Nathaniel Strong’s wife recounted “about One O Clock she heerd [sic] sum [sic] men knocking at the dore [sic] and braken [sic] the windows, on which hur [sic] husband got up and askt [sic] who was there; they answered a friend; on which they ordered him to lay down his arms and open the dore and they would not hurt him; he answered he would if he could; they told him to lay down his gun; he said he had; on which he stept forred [sic] and was shot by the party that had attackted [sic] the house and further she heared hur [sic] husband say it was Claudious Smith”
A reward for $1,200 for Claudius and $600 for his sons and John McArthur as well as $300 George Davis and Nathaniel Biggs was ascribed by the state legislature. Despite pleas of help from New York Governor George Clinton, Claudius and his gang continued raiding and harassing prominent leaders who identified as Patriots, including the home of Robert Erskine on November 11, 1778. Smith was eventually captured by Major Jesse Brush while hiding on Long Island, then occupied by the British, and executed January 22nd, 1779. His son Richard continued as gang leader until fellow members William Cole, and William Welcher confessed their crimes to authorities, as the war was winding down and it became clear they would be on the losing side. This resulted in the outing of those who harbored the gang and thus undoing their support network.
There are many stories that revolve around Claudius Smith, but perhaps the most unusual, and gruesome is the story that Claudius Smith’s head skull was embedded in the masonry of the 1841 Goshen Courthouse.

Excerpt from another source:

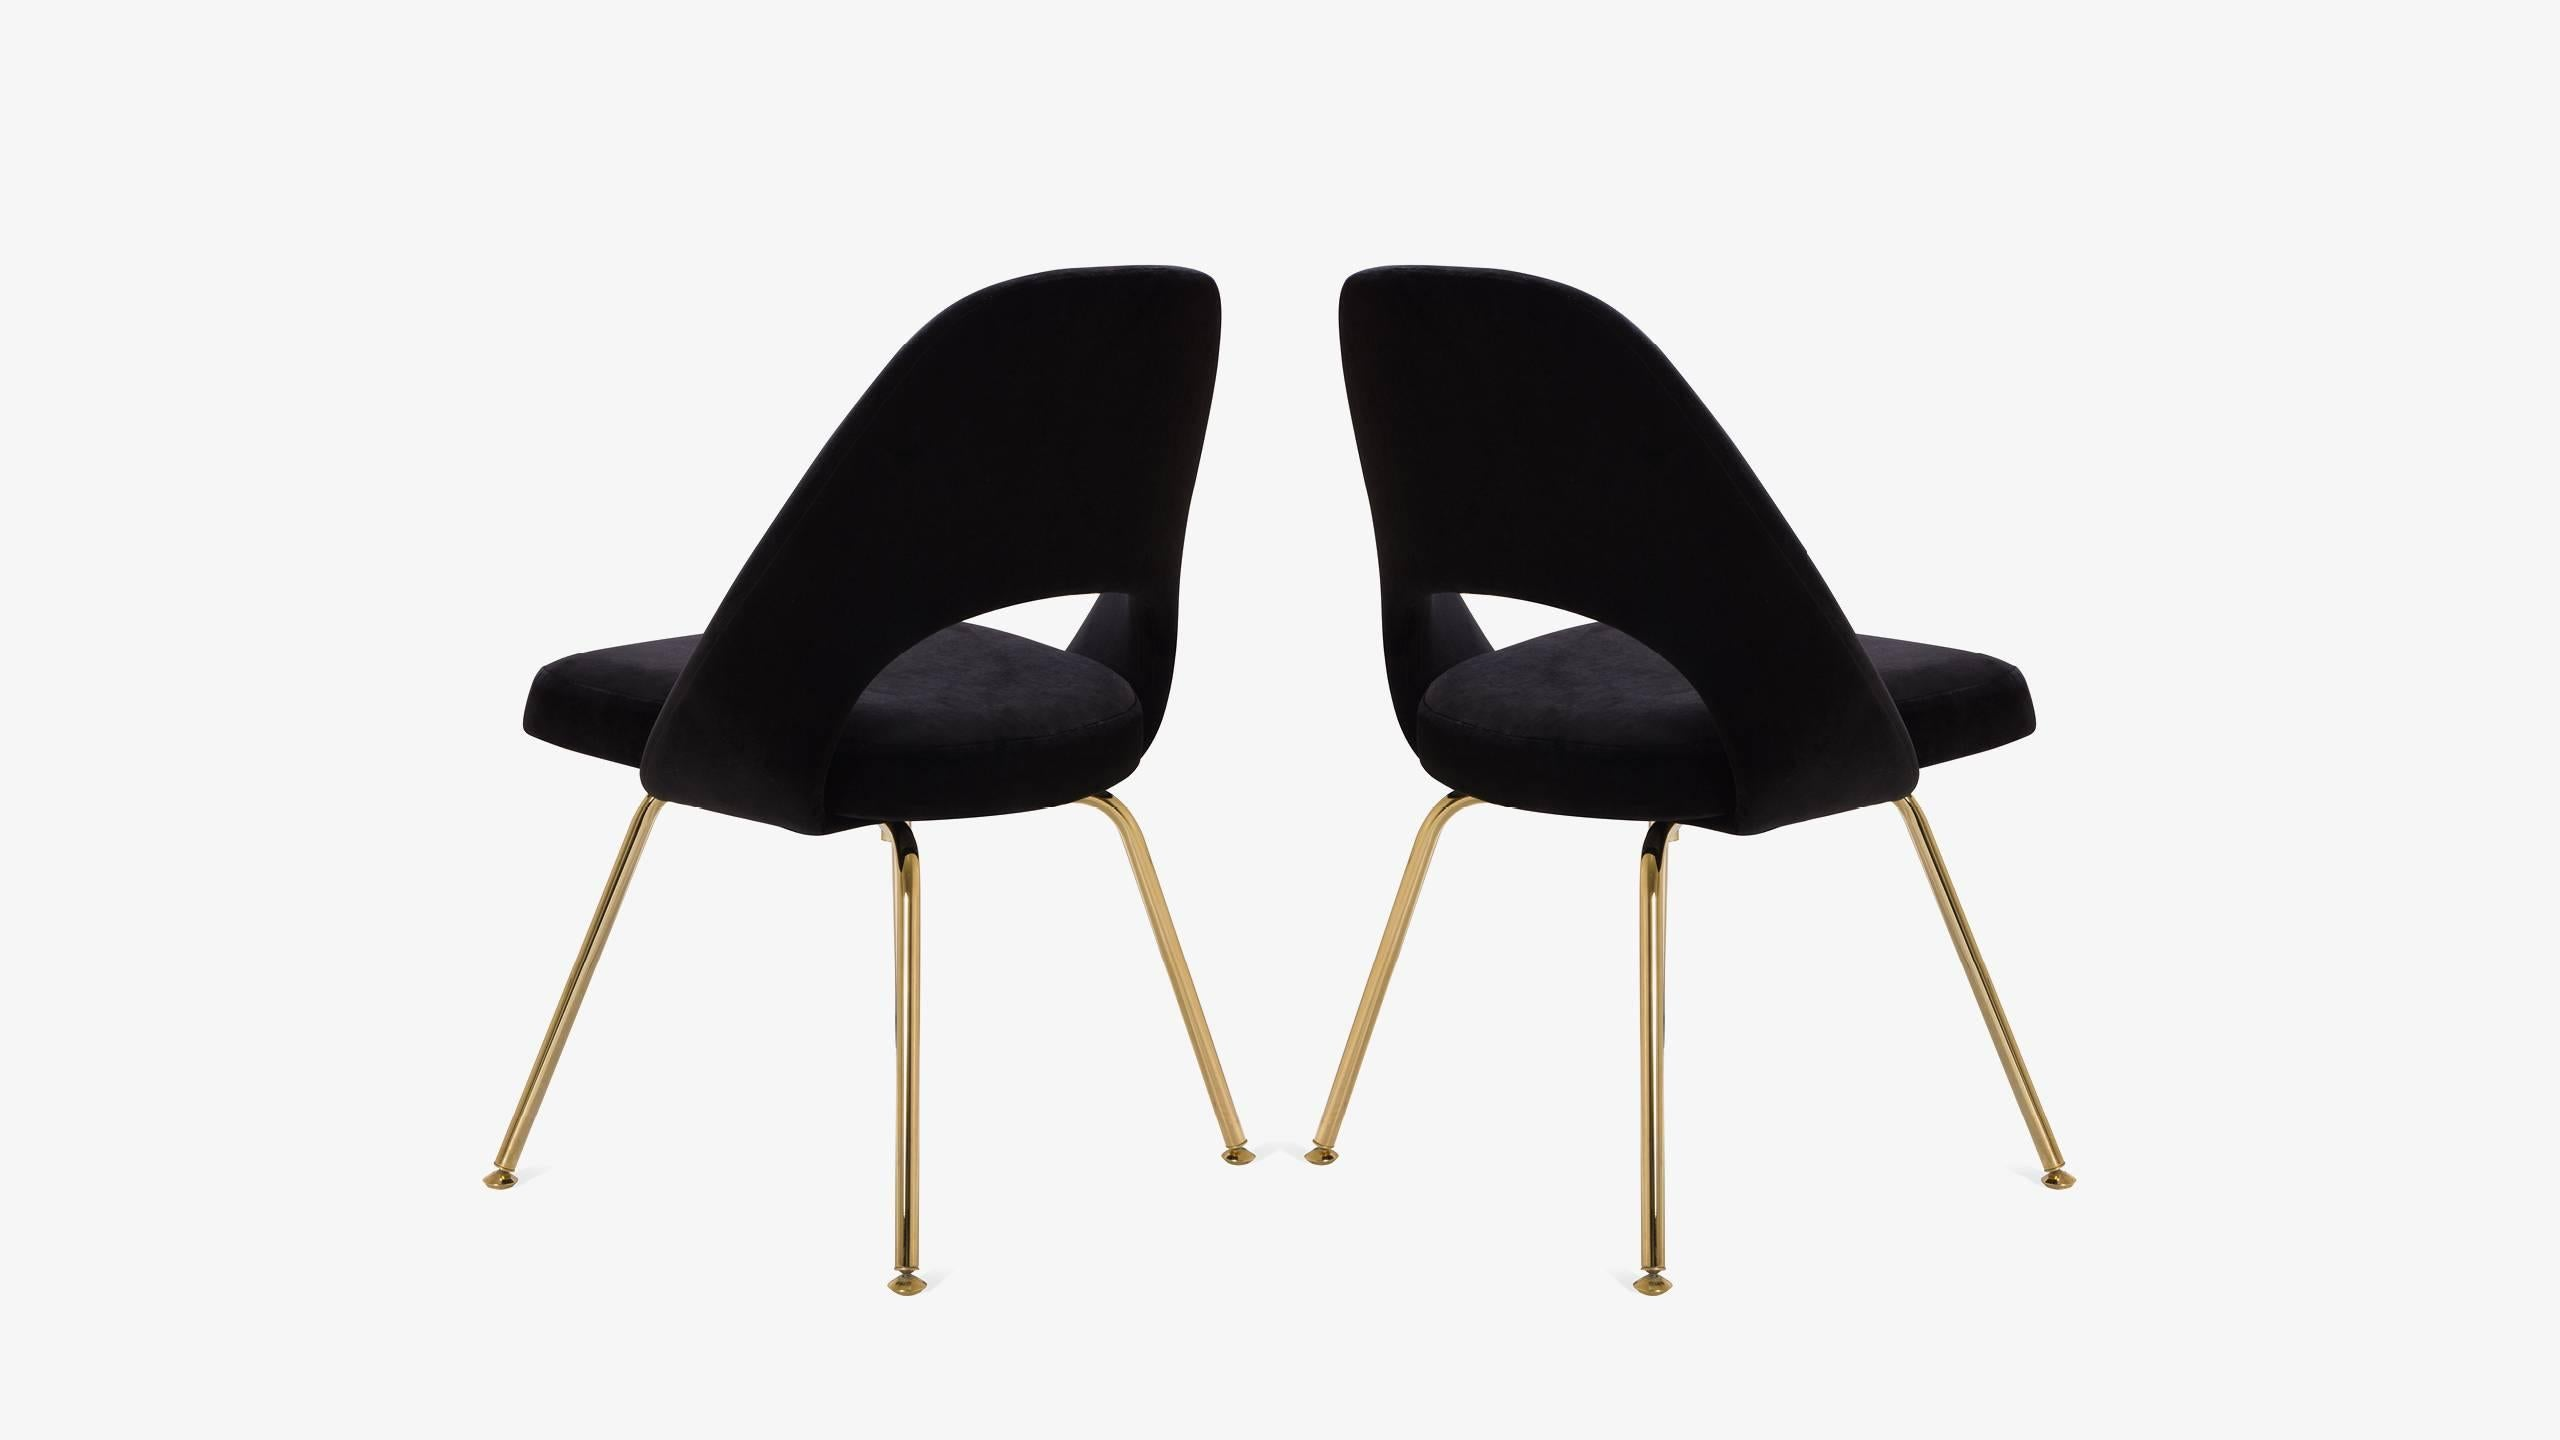 saarinen executive armless chairs in noir velvet 24k gold edition

This incident is the subject of a Legends & Lore marker, which was dedicated on October 30th, 2016. On May 1st, 2021, a related marker was unveiled at Washingtonville Cemetery, noting it as the final resting place of Major Nathaniel Strong.
Bellamy, Lana. “Murdered patriot’s grave, Washingtonville Cemetery marked with new sign” Times Herald-Record, May 3, 2021
Croswell, E. Documents of the Senate of the State of New York, Vol. 12. Albany.,1900
Dewey, Charles. “Terror in the Ramapos” Journal of the American Revolution, March 25, 2019.
New York Colonial Muster Rolls, 1664-1775: Report of the State Historian of New York, Vol.2. Baltimore
Sweetman, Jennie. “Historic marker dedicated for Smith, ‘Cowboy of the Ramapos’” New Jersey Herald, November 5, 2017.